Why You Shouldn’t Let Linux Decide Which CPU Runs Your Process
By default, the Linux scheduler is incredibly smart. It automatically distributes workloads to idle CPUs. However, this flexibility can sometimes be detrimental to low-latency systems or heavy workloads.
While working as a sysadmin for a Fintech exchange, I once dealt with a strange issue. CPU load was only around 30%, but latency occasionally spiked from 2ms to 100ms. After a deep dive with perf, I discovered the scheduler was constantly jumping cores (context switching). Every time a process was pushed to a new core, data in the L1/L2 cache was flushed. The CPU had to reload data from RAM, causing performance to plummet.
The primary solution is CPU Affinity. By using taskset and numactl, you can force a process to run on a specific core. This maximizes cache locality and eliminates resource contention.
Installing the Tools
Most distributions like Ubuntu or CentOS come with taskset pre-installed as part of the util-linux package. However, numactl usually needs to be installed manually because it serves more complex server architectures.

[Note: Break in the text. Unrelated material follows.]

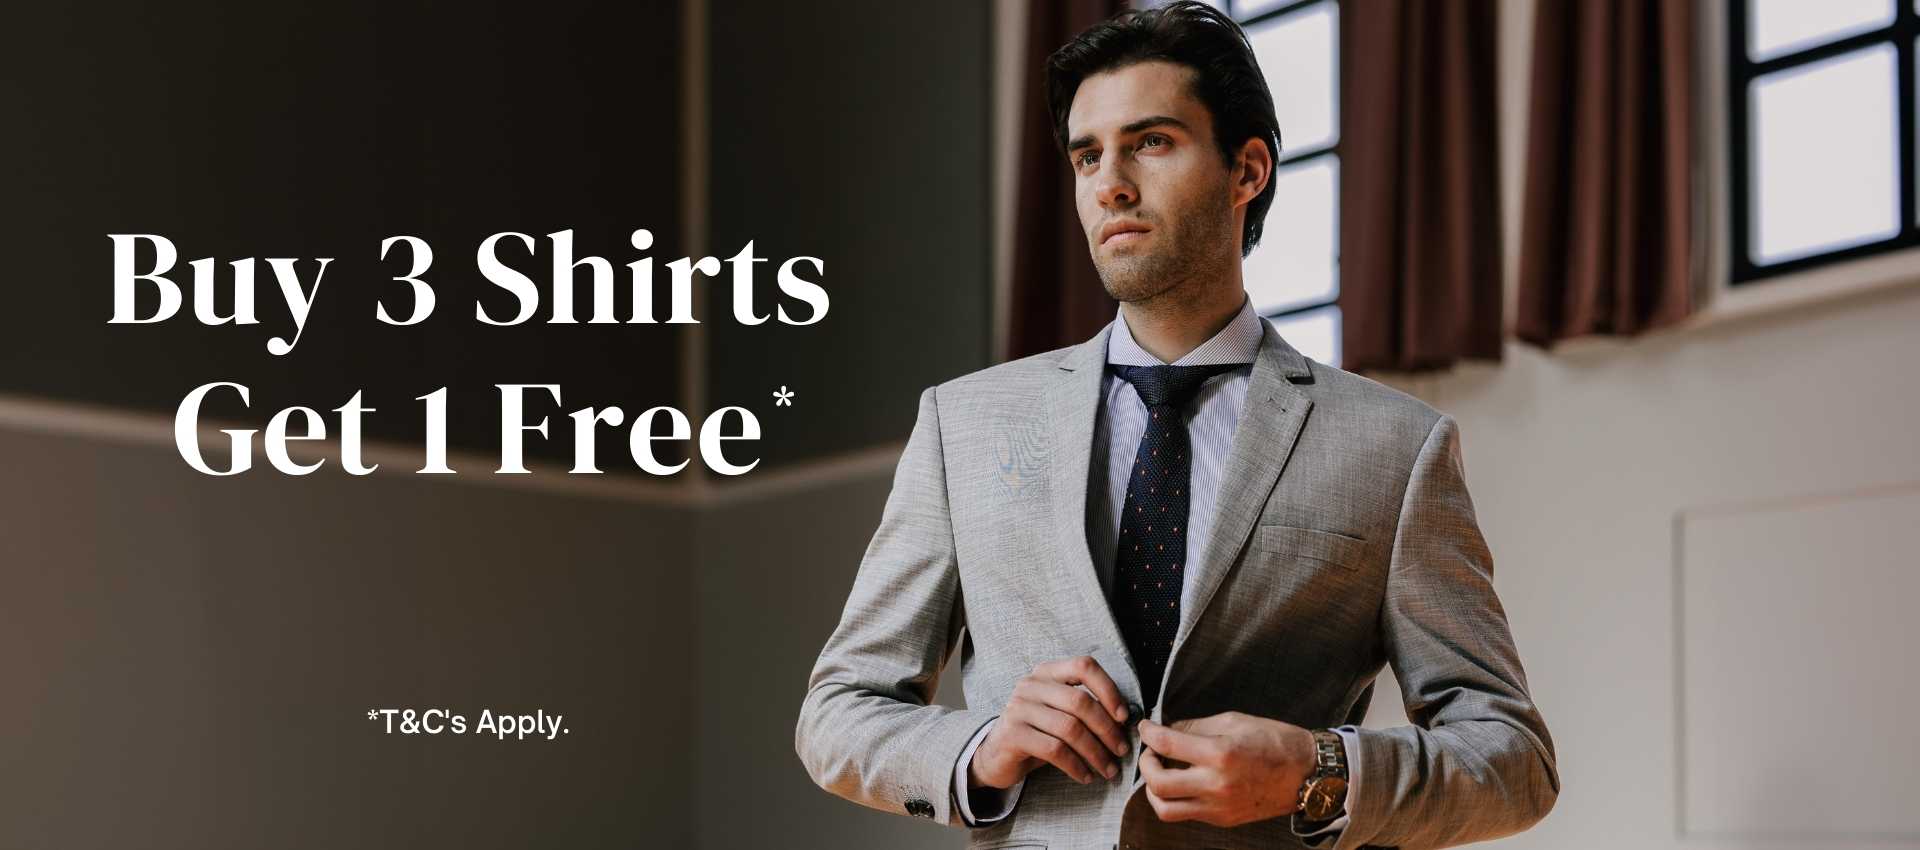 All Dress Shirts for Men from Dandy & Son. Image of man wearing a Extreme cutaway collar shirt with classic blue and white thin stripes from Dandy & Son. With a grey suit and navy tie

Installation on Ubuntu/Debian:
sudo apt update && sudo apt install numactl -y
Installation on RHEL/CentOS/AlmaLinux:
sudo yum install numactl -y
Using taskset for Basic CPU Affinity Management
taskset is the most lightweight tool for setting CPU affinity via core IDs or CPU masks.
Pinning a New Process to a Specific Core
If you want to run a heavy Python script on core 0 and core 1, use the -c (cpu-list) parameter:
taskset -c 0,1 python3 heavy_script.py
Pinning an Already Running Process
You don’t need to restart the application to apply changes. As long as you have the PID (Process ID), you can “lock” it to the desired core. For example, forcing PID 1234 to run exclusively on core 2:
taskset -p -c 2 1234
Checking the Current Status
To see which cores a process is currently allowed to run on, use the following command:
taskset -cp 1234
# Output: pid 1234's current affinity list: 0,1
Optimizing Multi-Socket Systems with numactl
On servers with 2 or 4 physical CPUs, the concept of NUMA (Non-Uniform Memory Access) is vital. Each CPU manages its own region of RAM (Local Memory). If CPU 0 has to fetch data from CPU 1’s RAM region, speeds drop by about 30-50% due to inter-socket bandwidth bottlenecks.
numactl allows you to bind a process to both CPU cores and the corresponding RAM region for maximum speed.
Viewing the NUMA Architecture
Check how many nodes your server has before configuring:
numactl --hardware
This command displays the list of cores per node and the distance between them.
Running Databases Optimized for NUMA
When running MySQL or MongoDB on large servers, force them to use resources on the same node to avoid latency:
numactl --cpunodebind=0 --membind=0 /usr/bin/mongod --config /etc/mongod.conf
Where:
--cpunodebind=0: Only run on cores belonging to Node 0.--membind=0: Only allocate RAM from Node 0.
If you’re worried about Node 0 running out of RAM and causing a crash, use --preferred=0. The system will prioritize Node 0 but still allow “borrowing” RAM from other nodes when necessary.
How to Monitor Processes in Practice
Don’t just run the command and forget it. You need to verify if the process is actually staying on the specified core.
Using htop
Open htop, press F2 (Setup), and select Columns. Find PROCESSOR and press F5 to add it to the monitoring table. You will immediately see the core ID that each process is occupying.
Using the ps Command
Quickly check using the ps command with the psr column:
ps -o pid,psr,comm -p 1234
Real-time Monitoring
To observe process movement every second, use watch:
watch -n 1 "ps -o pid,psr,comm -p 1234"
Hard-Earned Lessons from the Field
After optimizing many systems, I’ve gathered three important takeaways:
- Avoid CPU 0: This is usually where hardware interrupts (like network cards or hard drives) are handled. Forcing heavy applications onto core 0 can easily cause system bottlenecks.
- Combine with isolcpus: To give an application complete core exclusivity, add the
isolcpusparameter to the Grub configuration. This prevents the scheduler from pushing any other processes onto that core. - Understand Hyper-threading: Core 0 and Core 1 might share a single physical core. If you want a real speed boost, select cores from different physical cores.
Mastering CPU Affinity makes your applications significantly more stable and professional. You should try applying this to Redis, Nginx, or data processing workers to see the performance difference immediately.